Эозинофильный эзофагит
2023.03.06
Эозинофильный эзофагит (англ. eosinophilic esophagitis; EoE) — клиническая форма поражения пищевода, развивающаяся на фоне аутоимунных заболеваний. Характеризуется увеличенным количеством эозинофилов в слизистой оболочке пищевода (эозинофилы — один из видов лейкоцитов крови). Предполагают, что причиной такой формы эзофагита является пищевая или респираторная аллергия и она требует иной тактики лечения, отличной от рефлюкс-эзофагита.
Эозинофильный эзофагит имеет тенденцию к увеличению частоты. В США в настоящее время зафиксировано 150 000 больных эозинофильным эзофагитом, 75 % из которых — взрослые.

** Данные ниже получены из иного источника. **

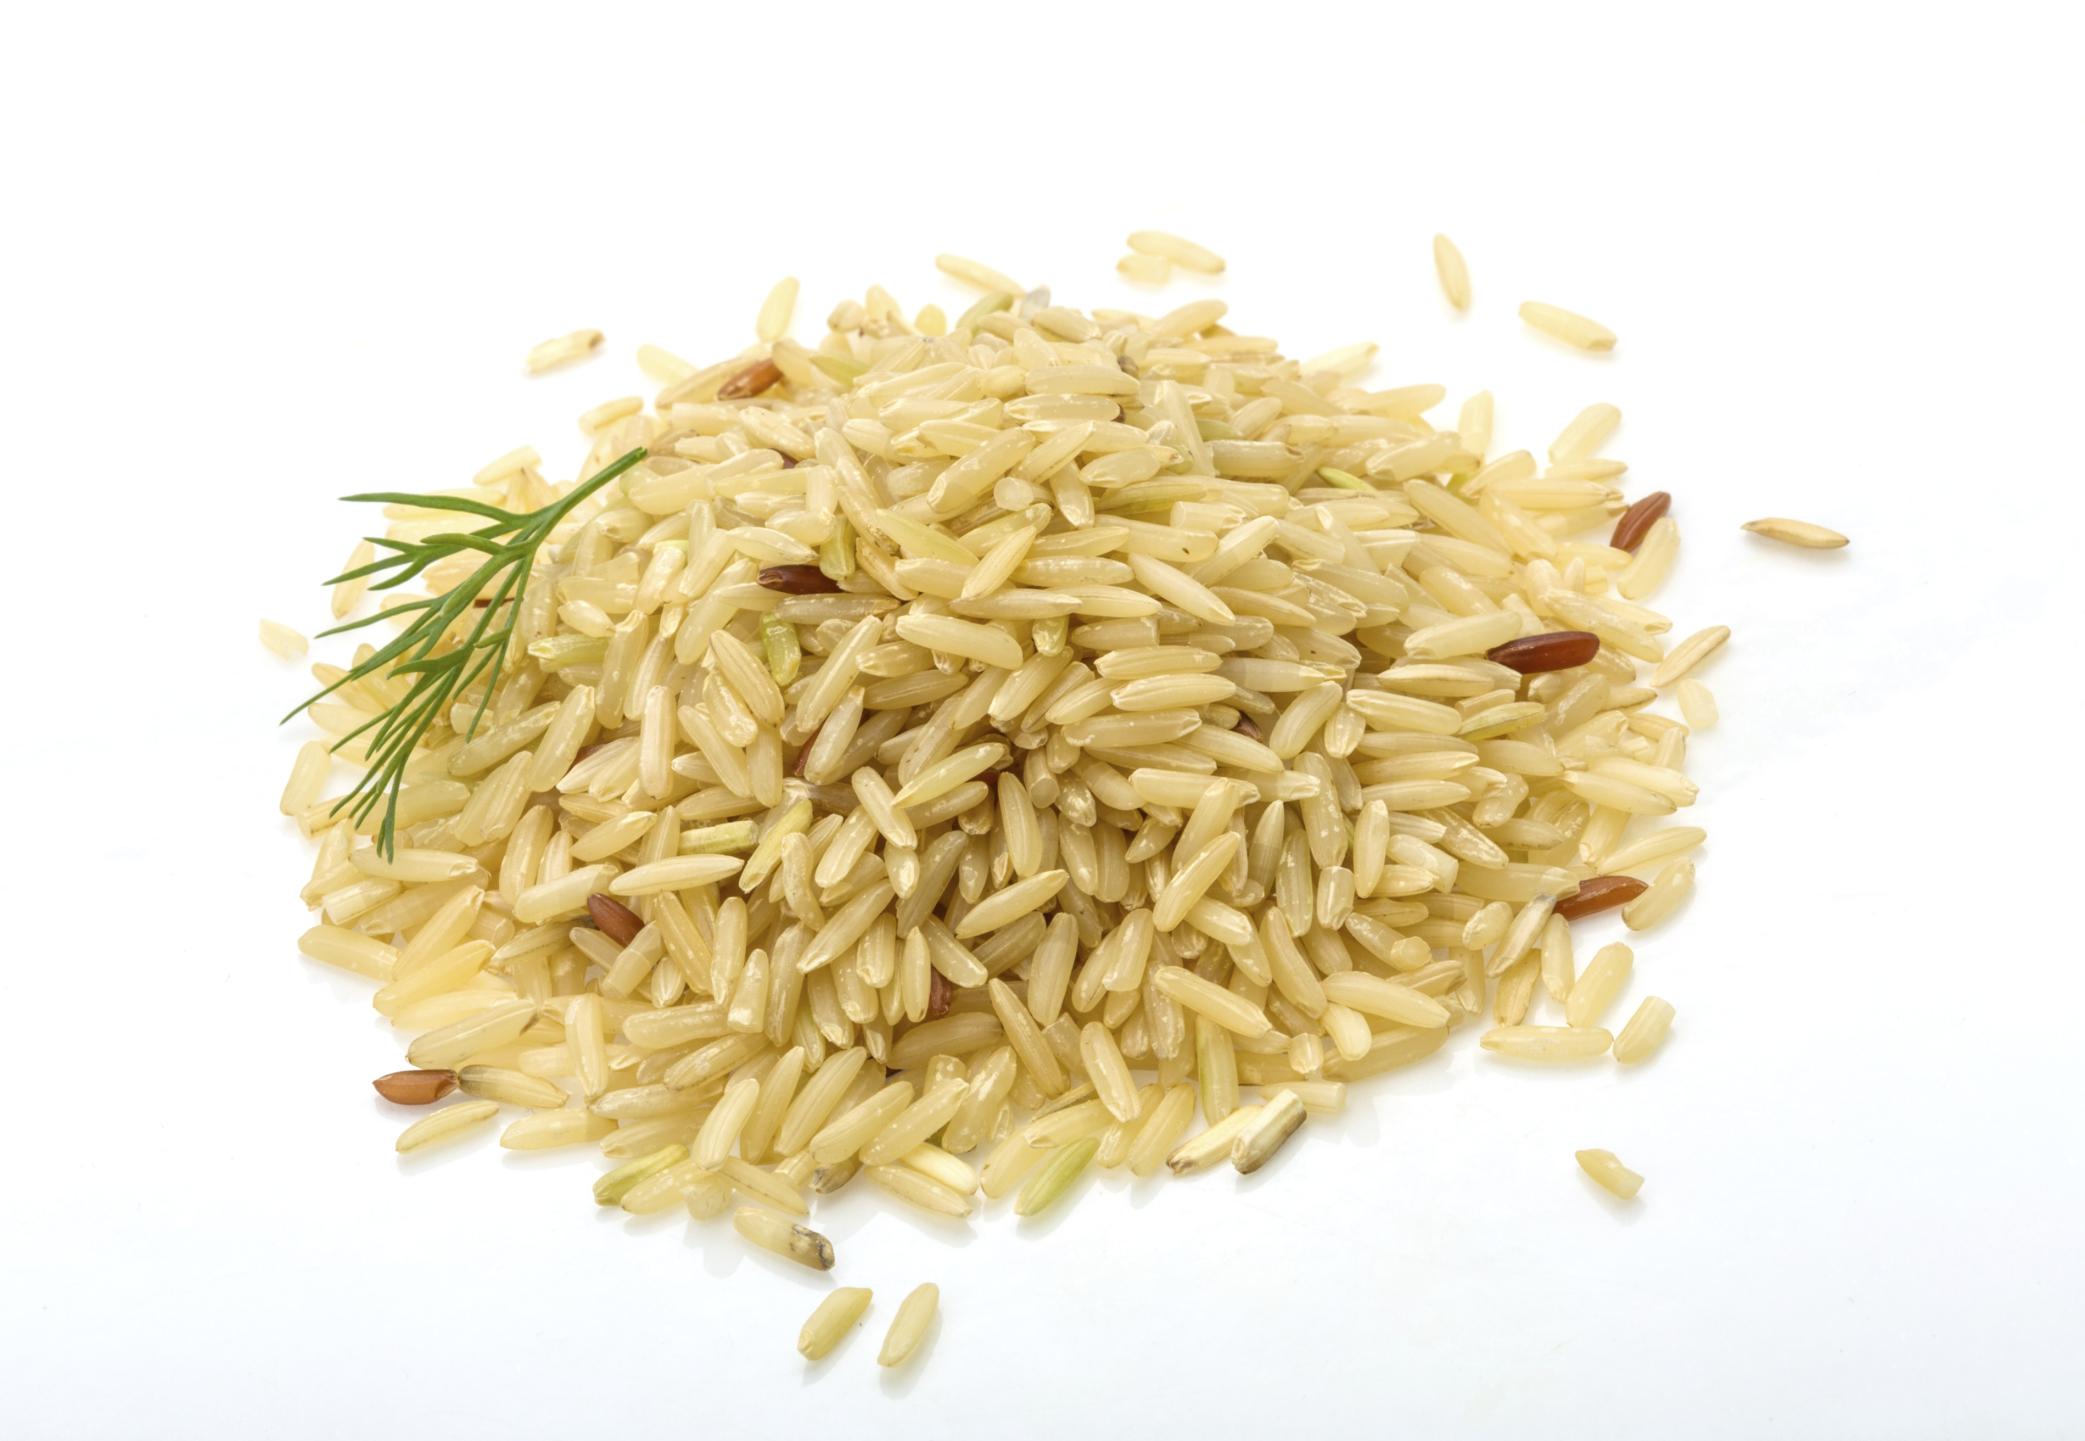 recipe: 50g uncooked rice calories [23]

Эозинофильный эзофагит является распространенной причиной рефрактерной терапии к гастроэзофагельной рефлюксной болезни (ГЭРБ). Пациенты с эозинофильным эзофагитом обычно молодые люди, имеющие в анамнезе указания на перемежающуюся дисфагию, появляющуюся после приёма твердой пищи, и часто — на задержку пищи в пищеводе. Довольно частым ошибочным диагнозом при наличии эзофагита у этих больных является ГЭРБ. У многих больных имеется связь с развитием астмы или наличием пищевой аллергии, особенно против молока, яиц, арахиса или дынь. На предполагаемый диагноз эозинофильного эзофагита указывают эндоскопические проявления: множественные кольца в просвете пищевода, продольные бороздки, или экссудат белого цвета (Пасечников В.Д.).

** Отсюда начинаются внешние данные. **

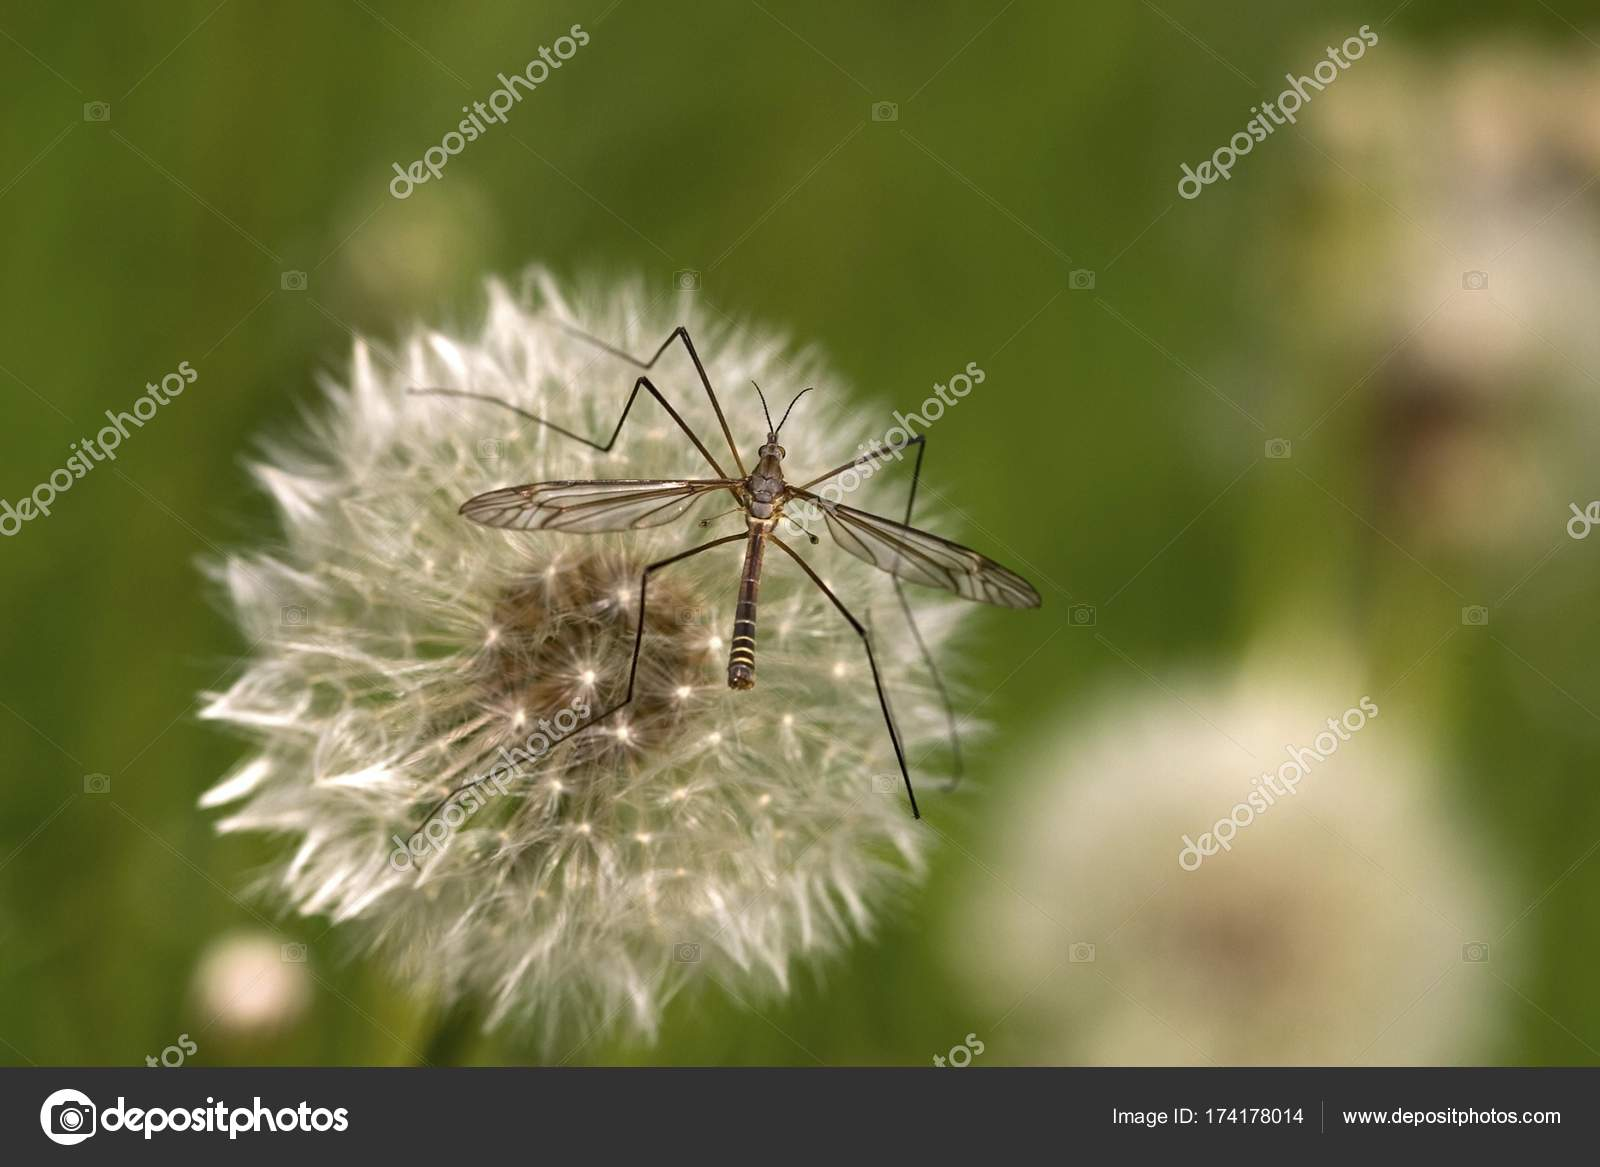 crane fly sitting on blow ball stock photo imagebrokermicrostock

Эндоскопические признаки эозинофильного эзофагита
Эндоскопические признаки эозинофильного эзофагита.
(А) Кольца в слизистой оболочке пищевода, образовавшиеся вследствие преходящих сокращений пищевода или фиксированных стриктур -"трахееподобный пищевод".
(В) Белесоватый экссудат в виде точечных белых узелков, диспергированный хлопьеобразующий материал гранулярного происхождения.
(С) Продольные бороздки (белая стрелка и белесоватый экссудат) вдоль складок пищевода. Furuta G. et al, Gastroenterology, 2007; 133: 1342-1363
Гистологическое исследование биоптата. Гиперплазия клеток базального слоя многослойного плоского эпителия (а). Эозинофилы в межклеточных пространствах – более 20 в 1 поле высокого разрешения в многослойном плоском эпителии пищевода (б). Окраска гематоксилином и эозином. Увел. а) х120, б) х500.
Гистологическое исследование биоптата. Гиперплазия клеток базального слоя многослойного плоского эпителия (а). Эозинофилы в межклеточных пространствах – более 20 в 1 поле высокого разрешения в многослойном плоском эпителии пищевода (б). Окраска гематоксилином и эозином. Увел. а) х120, б) х500 (Валитова Э.Р. и др.).
При биопсии проксимального и дистального отделов пищевода в гистологических препаратах определяются более 15-20 эозинофилов в поле зрения.
Эозинофильный абсцесс в слизистой оболочке пищевода.
Эозинофильный абсцесс в слизистой оболочке пищевода. Furuta G. et al, Gastroenterology, 2007; 133: 1342-1363.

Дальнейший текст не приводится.